What Coca Cola Released
According to Coca Cola, the new advertisement was part of its broader effort to integrate AI into creative work. The company has been publicly experimenting with AI assisted campaigns since early 2023. The Christmas ad is a montage of AI generated scenes intended to show how people around the world celebrate the holiday season.
However, viewers quickly noted issues. Many of the scenes contain distorted faces, unnatural lighting and physics that do not resemble real life. Several frames appear stitched together in ways that break continuity. The final product does not match the level of polish people expect from a company that has historically set industry standards for Christmas advertising.
Why This Feels Wrong to So Many People
Coca Cola’s Christmas branding is built on nostalgia and emotional familiarity. The classic Trucks advertisement works because it feels human. It is grounded in real cinematography, real actors and tangible settings. People associate it with memories, childhood and tradition.
By contrast, the AI version lacks a human signature. There is no emotional centre, no meaningful story and no sense of craft.

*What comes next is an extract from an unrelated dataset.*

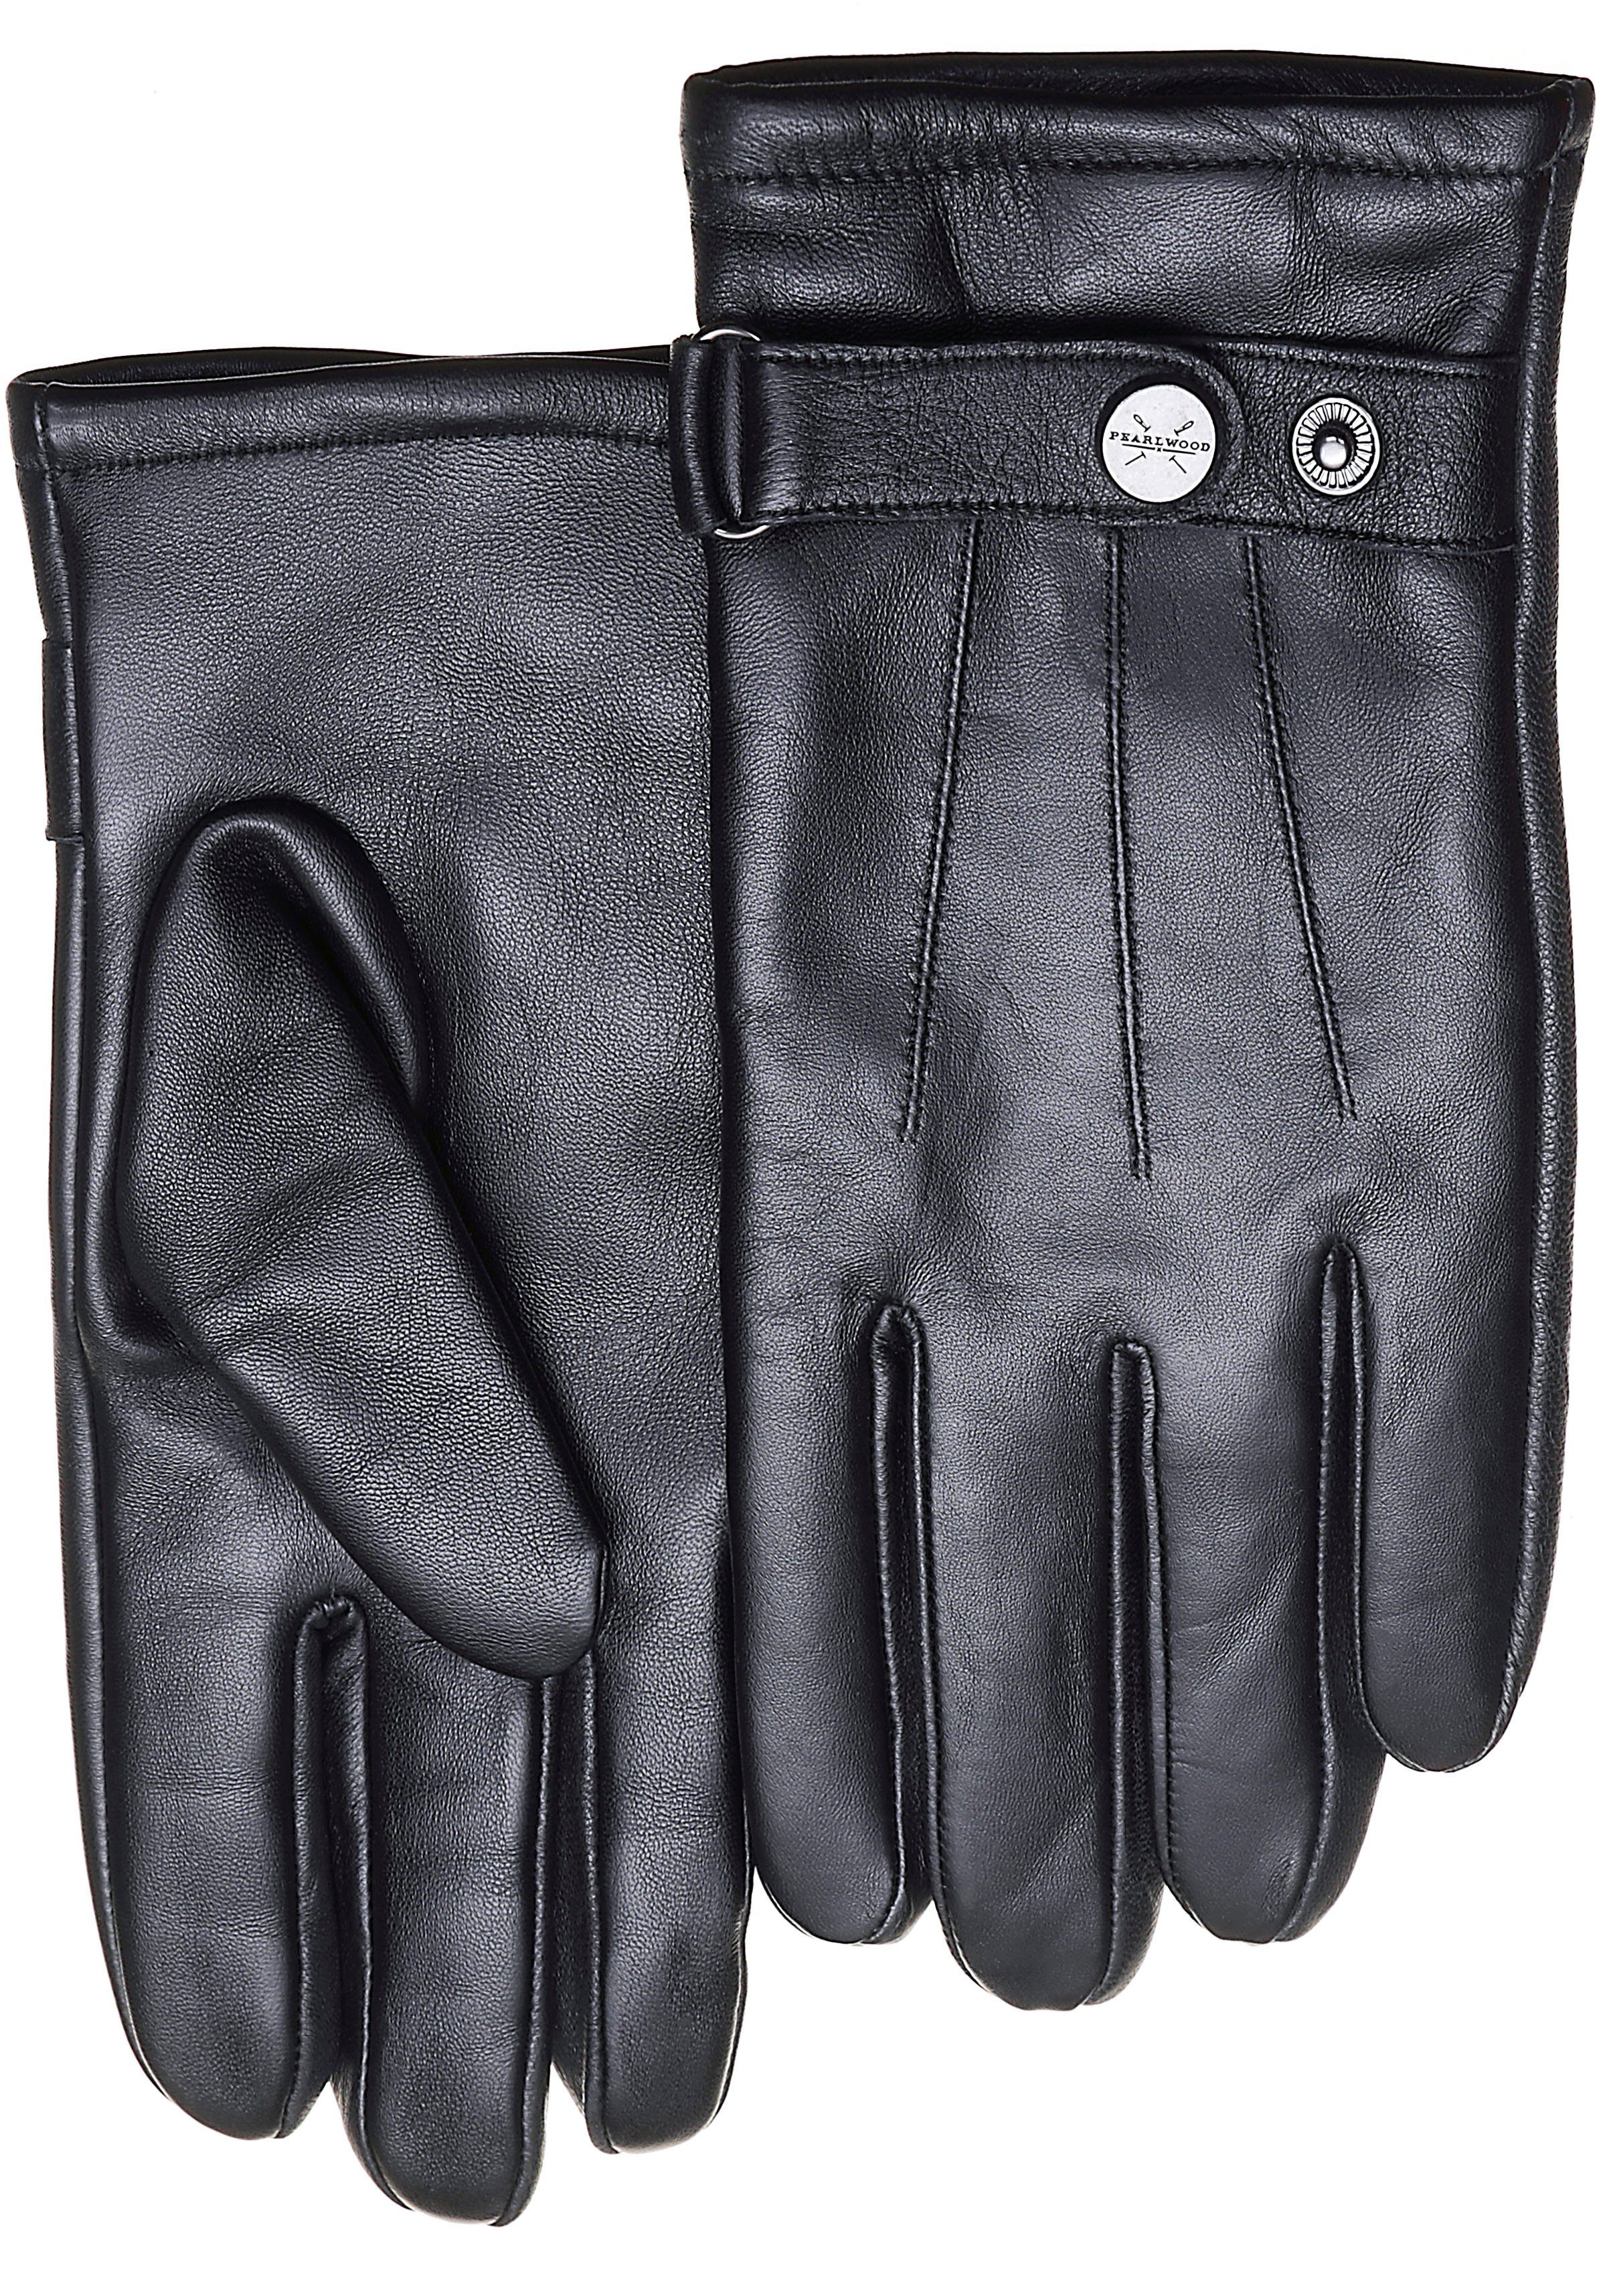 PEARLWOOD Lederhandschuhe Porter Atmungsaktiv, Wärmeregulierend, Wind - und Wasserabweisend | Handschuhe

What is most striking is that Coca Cola chose to replace a time trusted tradition with something that feels experimental and untested.

A Wider Concern About AI in Creative Work
As a tech publication, we often highlight the ways AI can accelerate workflows, enable new creative possibilities and expand access to tools that once required specialised skills. There is tremendous value in that.
However, AI also has limits. There is a difference between using AI to enhance human creativity and using it to replace cultural touchstones that rely on emotional depth. The arts work when there is intention, perspective and care. A Christmas advertisement is not simply content to fill space. It is storytelling.
Coca Cola’s decision highlights a growing trend of major brands replacing handcrafted creative work with AI produced material that lacks the human connection audiences expect. When a company with the resources of Coca Cola opts for an AI shortcut on its most important seasonal campaign, it sends a message about where the industry is heading.

Viewers Are Not Wrong To Expect Better
Coca Cola has every right to experiment, but the public is also justified in its disappointment. The original Christmas Trucks advertisement became iconic because it was made with effort and artistry. When that is replaced with an AI generated reel that feels impersonal, people notice.
The question is not whether AI should be used in advertising. The question is where it should be used. Tools that help artists work faster or unlock new visual ideas can add value. Tools that replace emotional craft with algorithmic output erode the very things audiences care about.
This year’s Coca Cola Christmas ad is a reminder that technology should help the arts grow upward, not flatten them.